Considering cultures from both swab and extracted tonsil samples, S. aureus and H. influenzae were found more frequently in patients with recurrent tonsillitis than in control subjects (P<0.0001). Cultures from extracted tonsils presented a higher diversity and quantity of potential pathogens; the most frequently detected pathogens were S. aureus (67/138; 48.6%), H. influenzae (44/138; 31.9%) and S. pyogenes 21/138 (15.2%) (Table 1).

Table 1

Microbiological evaluation from extracted tonsils and swab tonsils from all cases.

No. of microorganisms isolated	Tonsils swab n = 138 n(%) *	Extracted tonsils n = 138 n(%)
1	65 (47.1)	71 (51.4)
2	26 (18.8)	36 (26.1)
3	6 (4.3)	11 (8.0)
Microorganism isolated
Staphylococcus aureus	53 (38.4)	67 (48.6)
Haemophilus influenzae	30 (21.7)	44 (31.9)
Streptococcus pyogenes	15 (10.9)	21 (15.2)
Pseudomonas aeruginosa	10 (7.2)	10 (7.2)
Enterobacter cloacae	4 (2.9)	5 (3.6)
Streptococcus agalactiae	2 (1.4)	5 (3.6)
Citrobacter freundii	6 (4.3)	4 (2.9)
Klebsiella pneumoniae	4 (2.9)	4 (2.9)
Group G β-hemolytic Streptococcus	3 (2.2)	4 (2.9)
Streptococcus pneumoniae	1 (0.7)	3 (2.2)
Candida spp.	2 (1.4)	2 (1.4)
Klebsiella oxytoca	2 (1.4)	1 (0.7)
Pantoea agglomerans	2 (1.4)	1 (0.7)
Burkholderia cepacia	1 (0.7)	1 (0.7)
Acinetobacter baumannii	0 (0)	1 (0.7)
Serratia plymuthica	0 (0)	1 (0.7)
Pseudomonas pseudoalcaligenes	0 (0)	1 (0.7)
Chryseobacterium indologenes	0 (0)	1 (0.7)

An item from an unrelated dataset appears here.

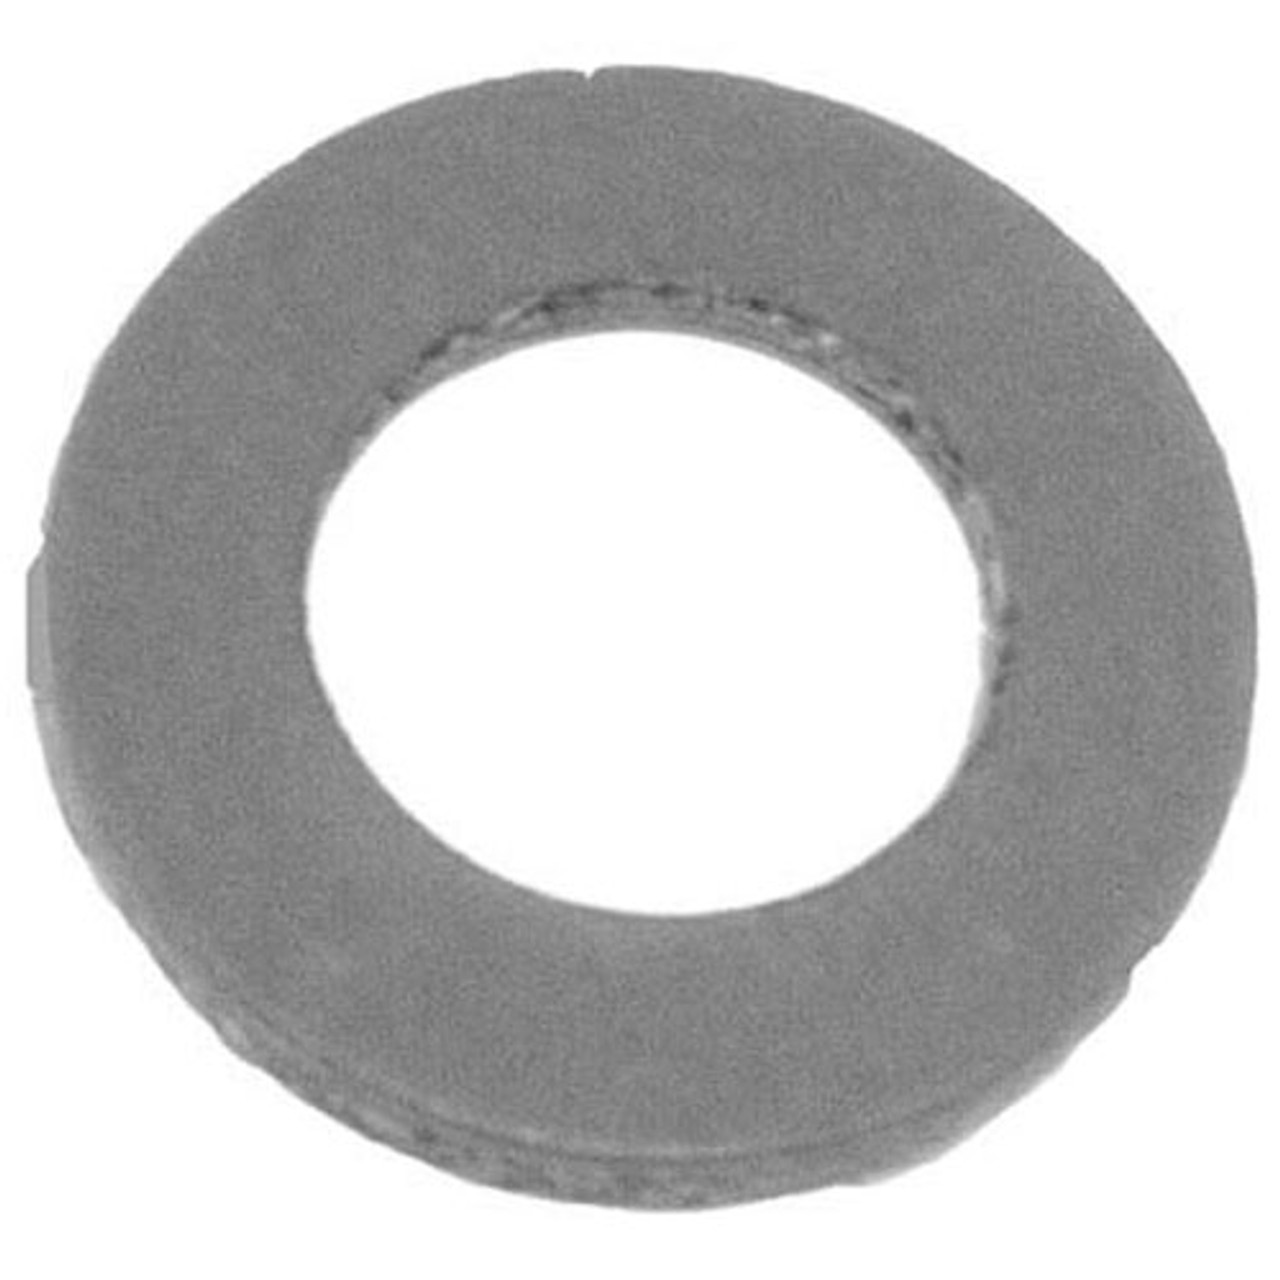 Fibre Washer, Size 12 Fibre Washer, Size 12 - Replacement Part For Intedge 721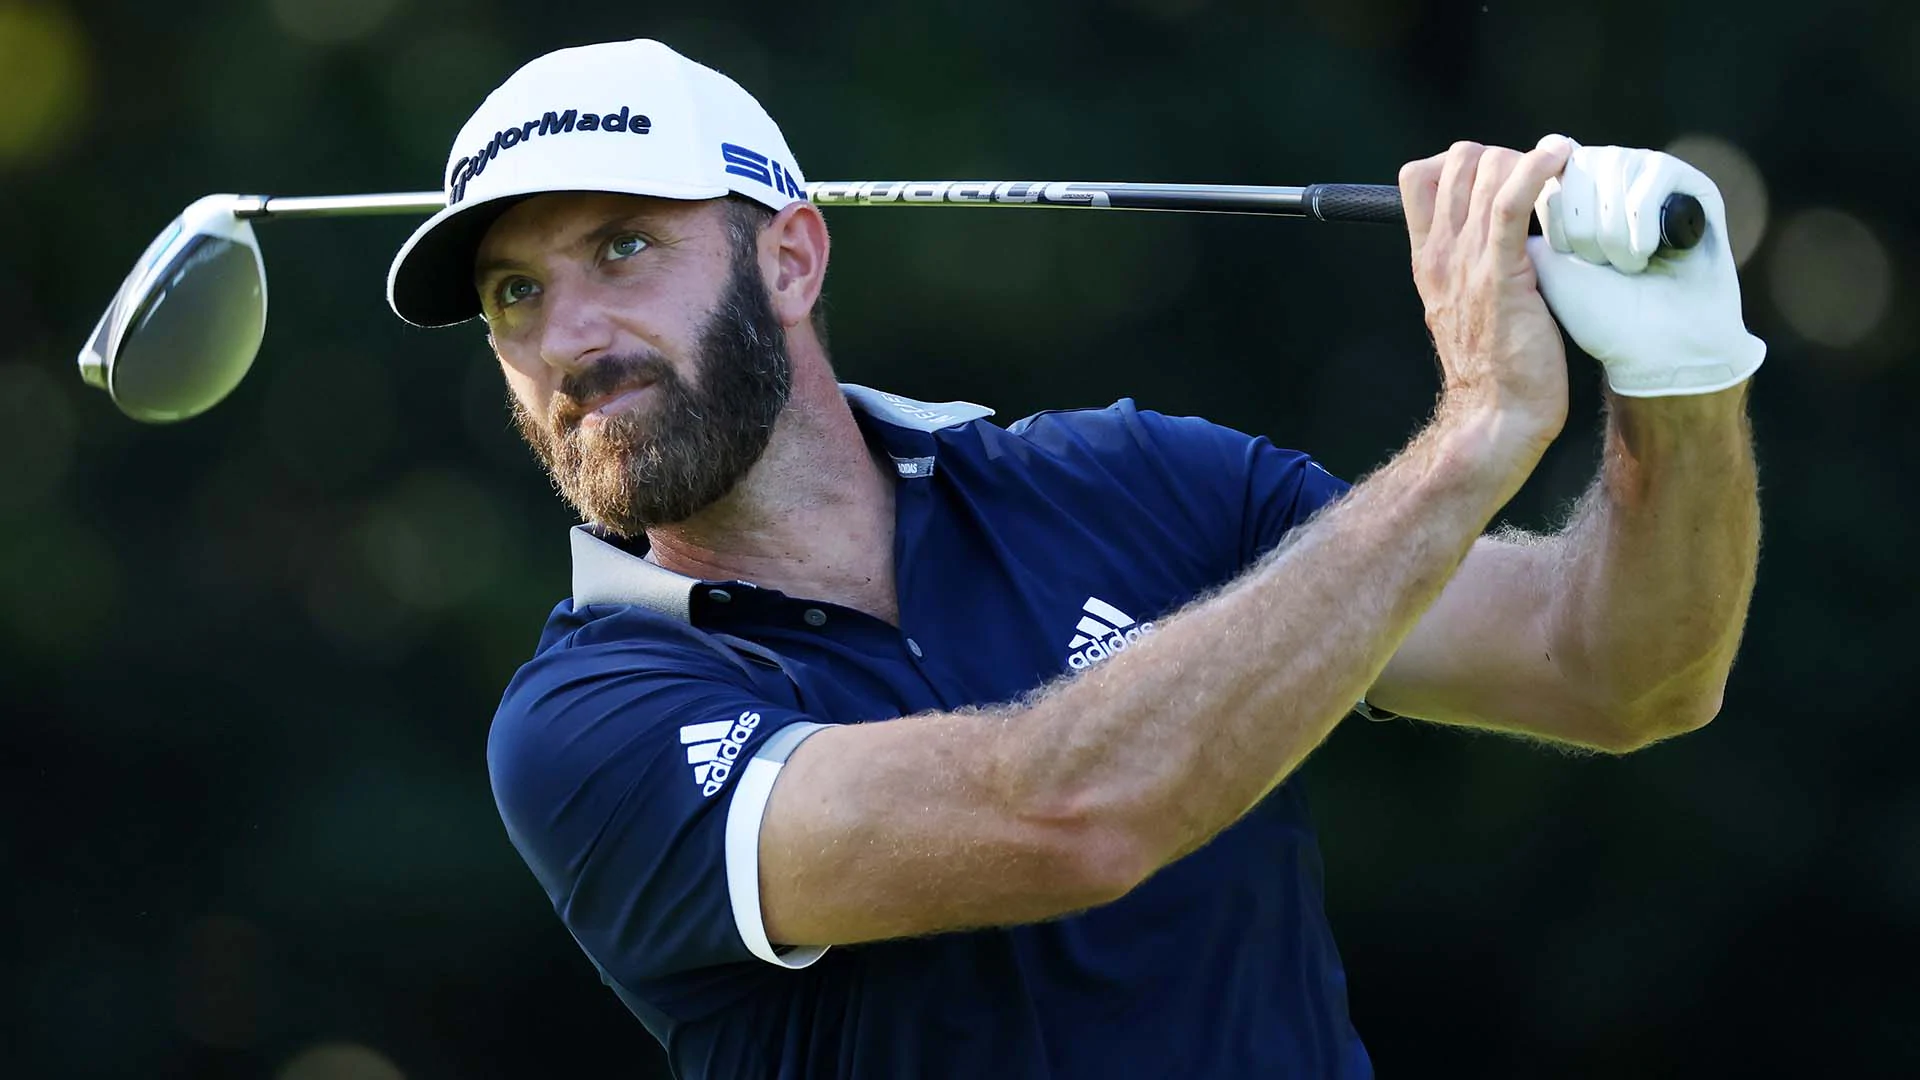 Dustin Johnson almost switched to longer driver shaft before Masters win

* All control subjects (n = 195) exhibited normal microbiota in the tonsils swab samples. Extracted tonsils were analyzed only in case patients.

We randomly selected 54 S. aureus isolates for biofilm evaluation and detected that 41/54 (75.9%) were biofilm producers (18 weak and 23 strong). Among H. influenzae isolates, 25 isolates were randomly selected for biofilm evaluation and 17/25 (68%) were biofilm producers (10 weak and 7 strong biofilm producers).

Allelic and genotypic associations

The distribution of alleles and genotypes is shown in Table 2. The genotype frequencies were in Hardy-Weinberg equilibrium for all loci studied. Patients with at least one copy of the IL1B-31*C allele had a higher risk of recurrent tonsillitis (OR = 4.03; 95% CI = 1.27–14.27; P = 0.013). There were no significant differences for the TNFA-308 locus.

Table 2

Genotype and allele frequencies of TNFA-308G/A and IL1B-31C/T in recurrent tonsillitis and control patients.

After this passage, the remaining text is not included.